Старшим командование назначило Володю Борисова. Он уже зарекомендовал себя смелым, выдержанным и очень отважным разведчиком.

Весь день, пока мы отсиживались в кустах, через островок бреющим полетом, группами по три самолета, на финскую сторону летали штурмовики. От мощного гула моторов дрожала все – и воздух, и земля. А когда штурмовики прочесывали из скорострельных пушек финскую передовую, почти касаясь вершин леса, в ответ отчаянно лаяли зенитки.

Отстрелявшись, самолеты со страшным ревом взмывали вверх, сверкая своими серебристыми крыльями и фюзеляжами. Один из них вспыхнул. Черная, густая полоса дыма прилипла к хвосту. Самолет кувыркался, взмывал вверх, пикировал, но предательская полоса не отставала. Не дотянув до нашей стороны, он рухнул. Мы долго стояли молча. Обида и боль теснили грудь.

Ночью, перед тем как нам выйти, севернее нас, на материке, заработали катюши. Огненно-кровяные дугообразные полосы окрасили небо. Над лесом вспыхнуло оранжевое зарево: оно бесновалось сполохами, выплевывая огромные снопы искр: казалось, что там растекался расплавленный металл. Катюши вскоре умолкли, а зарево долго висело над лесом.

Мы еще раз проверили свое снаряжение: водолазные костюмы и аппараты, надежность упаковки оружия, рации с питанием и карт местности. Подводный компас был только у старшего – Володи Борисова. Друг к другу мы привязались крепким шнурком, чтоб не потеряться под водою.

Вначале грунт был твердым, и шли мы легко. Потом ноги стали вязнуть в иле. Мы не преодолели и половины расстояния, как под ногами вообще не стало ощущаться никакого грунта. Передвигаться вперед можно было только вплавь, держась на определенной глубине за счет кислорода в дыхательном мешке водолазного аппарата. Одному преодолеть расстояние в таких условиях нетрудно, а вот сразу троим, к тому же связанным, дело крайне сложное.

Ил возле нас настолько взмутился, что Борисов перестал видеть стрелку компаса. Кругом была темнота, хоть глаз коли. Идти дальше бесполезно: мы потеряли всякую ориентировку. Борисов дал команду резать шнурок, которым мы были связаны, и всплывать наверх.

Финны будто ждали нас. Как только показались из воды наши головы, сразу же застрочили автоматы. Пришлось опять уйти на грунт.
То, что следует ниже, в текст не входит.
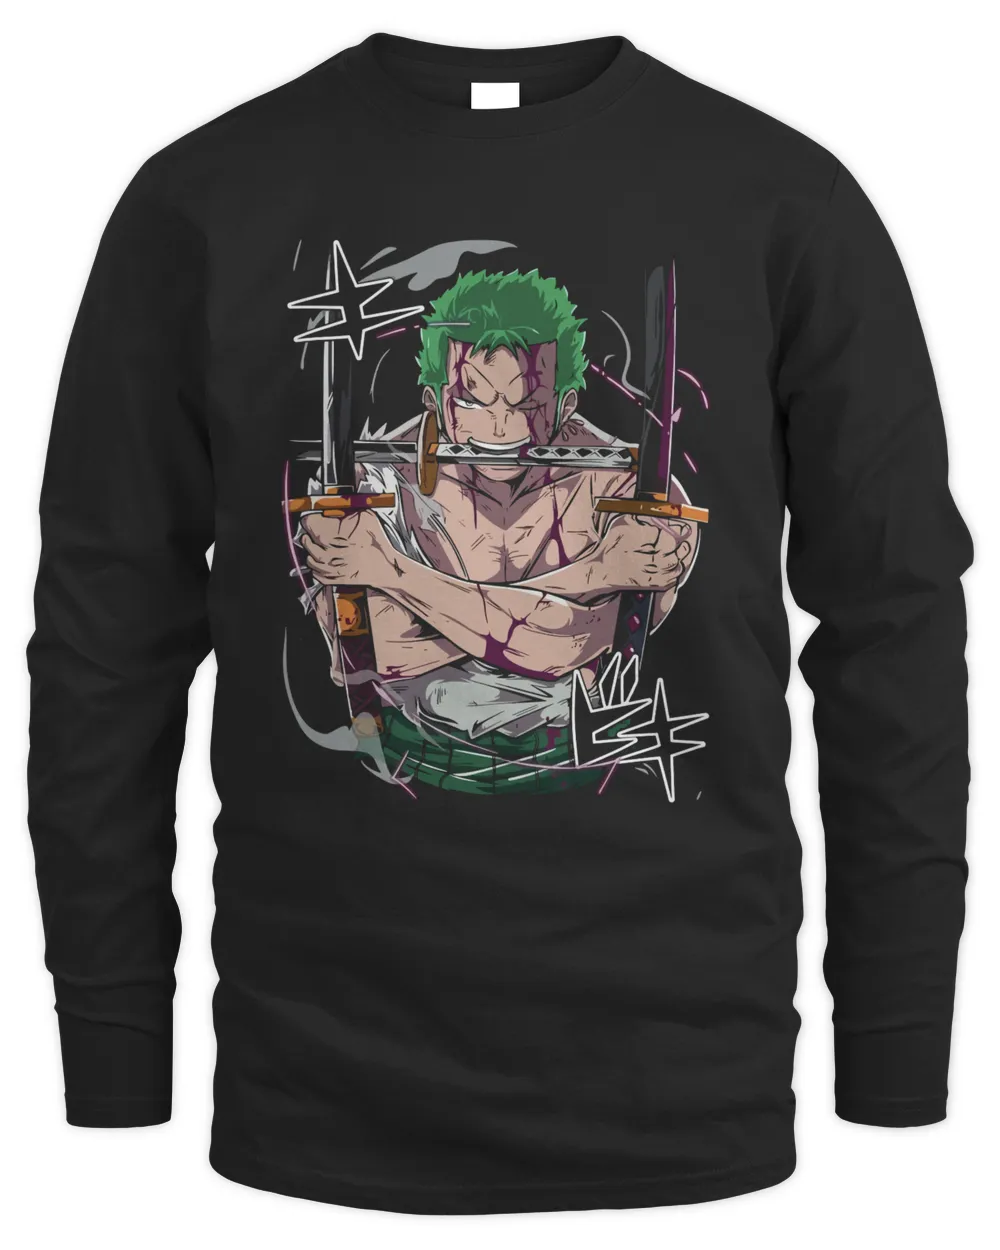 Anime Manga Series T-Shirt, One Anime Piece Sweatshirt, Hoodie, Anime Tee For Fans, The Warrior Anime Zoro T-Shirt

Под водой в непроглядной тьме далеко не уйдешь. И не заметишь, как развернешься и направишься в противоположном направлении. Несколько раз мы всплывали наверх, чтоб сориентироваться, а финнам только это и надо было. Теперь они уже караулили нас. И все-таки мы благополучно добрались до своего острова.

Ночь пропала даром.

На следующую ночь отошли влево, ближе к заливу. Здесь вода находилась постоянно в движении, и больших отложений ила на грунте не должно было быть. Предположения наши подтвердились, и водный рубеж форсировали без особого труда.

На островке провели весь день, хорошо замаскировавшись в песке под кустами. Дом был здесь единственным строением. Несколько финнов несли службу наблюдения, а скорее всего были корректировщиками артиллерийского огня. Из слухового окна дома высовывались головки стереотрубы, очевидно, где-то неподалеку находилась и батарея.

Далеко от дома финны не отходили, и мы чувствовали себя довольно спокойно.

На третью ночь, пройдя так же под водой, мы оказались на более крупном острове. Тут финнов было больше, они свободно расхаживали. Спрятались мы в камнях, которых в воде было много.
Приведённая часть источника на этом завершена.